I watched McFarland USA [2015] tonight; one of the best movies I’ve seen this year.
IMDB:
http://www.imdb.com/title/tt2097298/?ref_=nv_sr_1
McFarland, California, in 1987, was a place where the townspeople were there because they had nowhere else to go. Pickers, mainly; not unlike the people of the San Quintin valley of Baja, Mexico. Kids waking up at 4:30a to go pick in the fields until it’s time for school; after school they run to the fields and pick until dark, so that their families can survive. They don’t get paid by the hour, they get paid by the field. They pick because their parents pick, and that’s the only life they’ve ever known; and the only life they ever expect to have. Pickers, all of their lives.
Here, in America. Land of the Free. Home of the Brave.
We forget this, those of us who have lived with the electronic luxury of America all of our lives. I am of the opinion that we will have to address this forgetfulness when we stand before our Creator.

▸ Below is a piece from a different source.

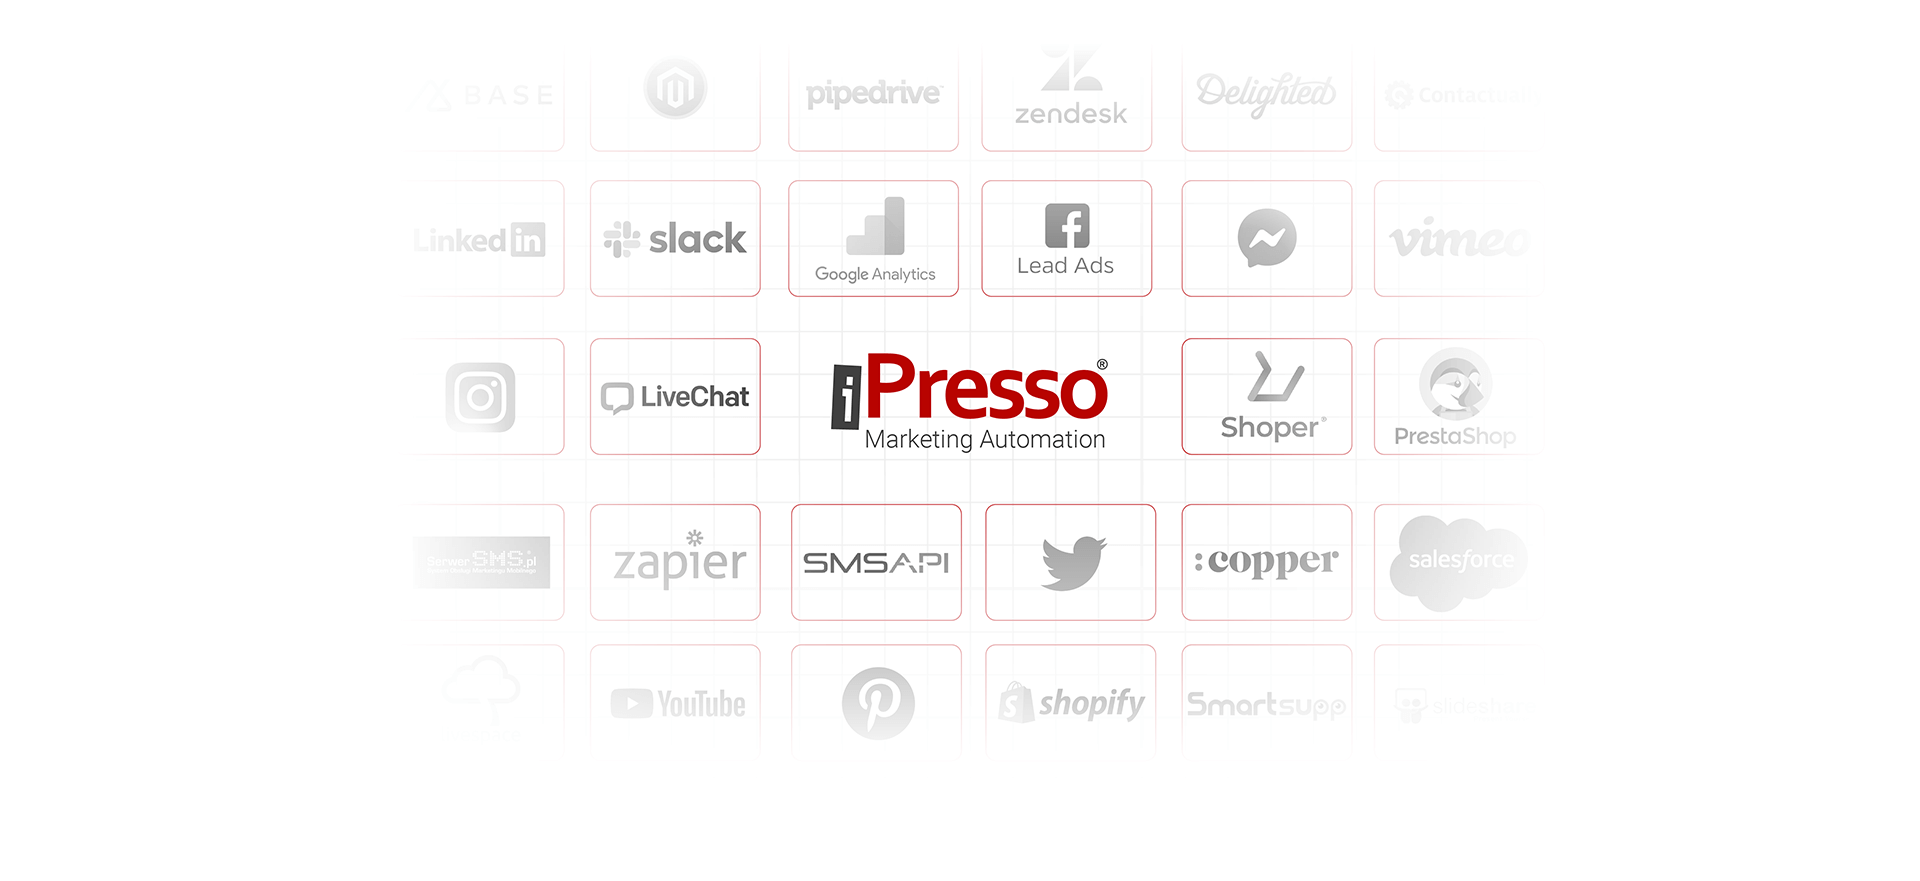 iPresso integrations

A high-school coach named Jim White [Coach Blanco] came to McFarland because he had a temper management problem; and it was the only job he could find. After a couple months he watched these kids running through the fields and decided to create a Cross-Country running team. Seven high school kids who had been working their hearts out for years, and happened to be very fast. White convinced these kids that they had more heart than any of the privileged Cross-Country teams competing in California; and that they actually had a chance to become winners.
The kids, through a LOT of hard work, realized they could be something no one else in their town’s history had become—a champion. The kids changed the town. And the town changed the Coach and his family; they learned the true meaning of Home and Family. The father’s role to eat with his family, and to listen to the stories of their lives, rather than making other things more important.
I didn’t watch the debates tonight; there is nothing that either candidate could say that would change my opinion of them. They don’t represent McFarland, or any of the hundreds [thousands?] of McFarlands scattered across this country. The people who have been ostracized by privilege; the people who harvest the food this country eats. Many/most of them have brown skin. Many won’t ever own land; many won’t ever have the luxury of a television—it isn’t needed; many won’t read books. A book won’t help you pick crops. I spent an incredibly long/short time on a wheat ranch in Eastern Oregon when I was 16; my Dad wanted me to learn how to work. His old friend, a wheat rancher who probably followed in his family’s steps, could never understand why I carried a paperback book to read when I’d finished a chore; I don’t know that he ever read. I couldn’t get the idea that I was supposed to go from one chore to the next one. I learned how to stall a caterpillar tractor in a steeply-plowed field. Also learned to crawl into a Combine, and replace bad ‘teeth’.
The experiment wasn’t successful.
My brain is full; I really don’t know how to end this one.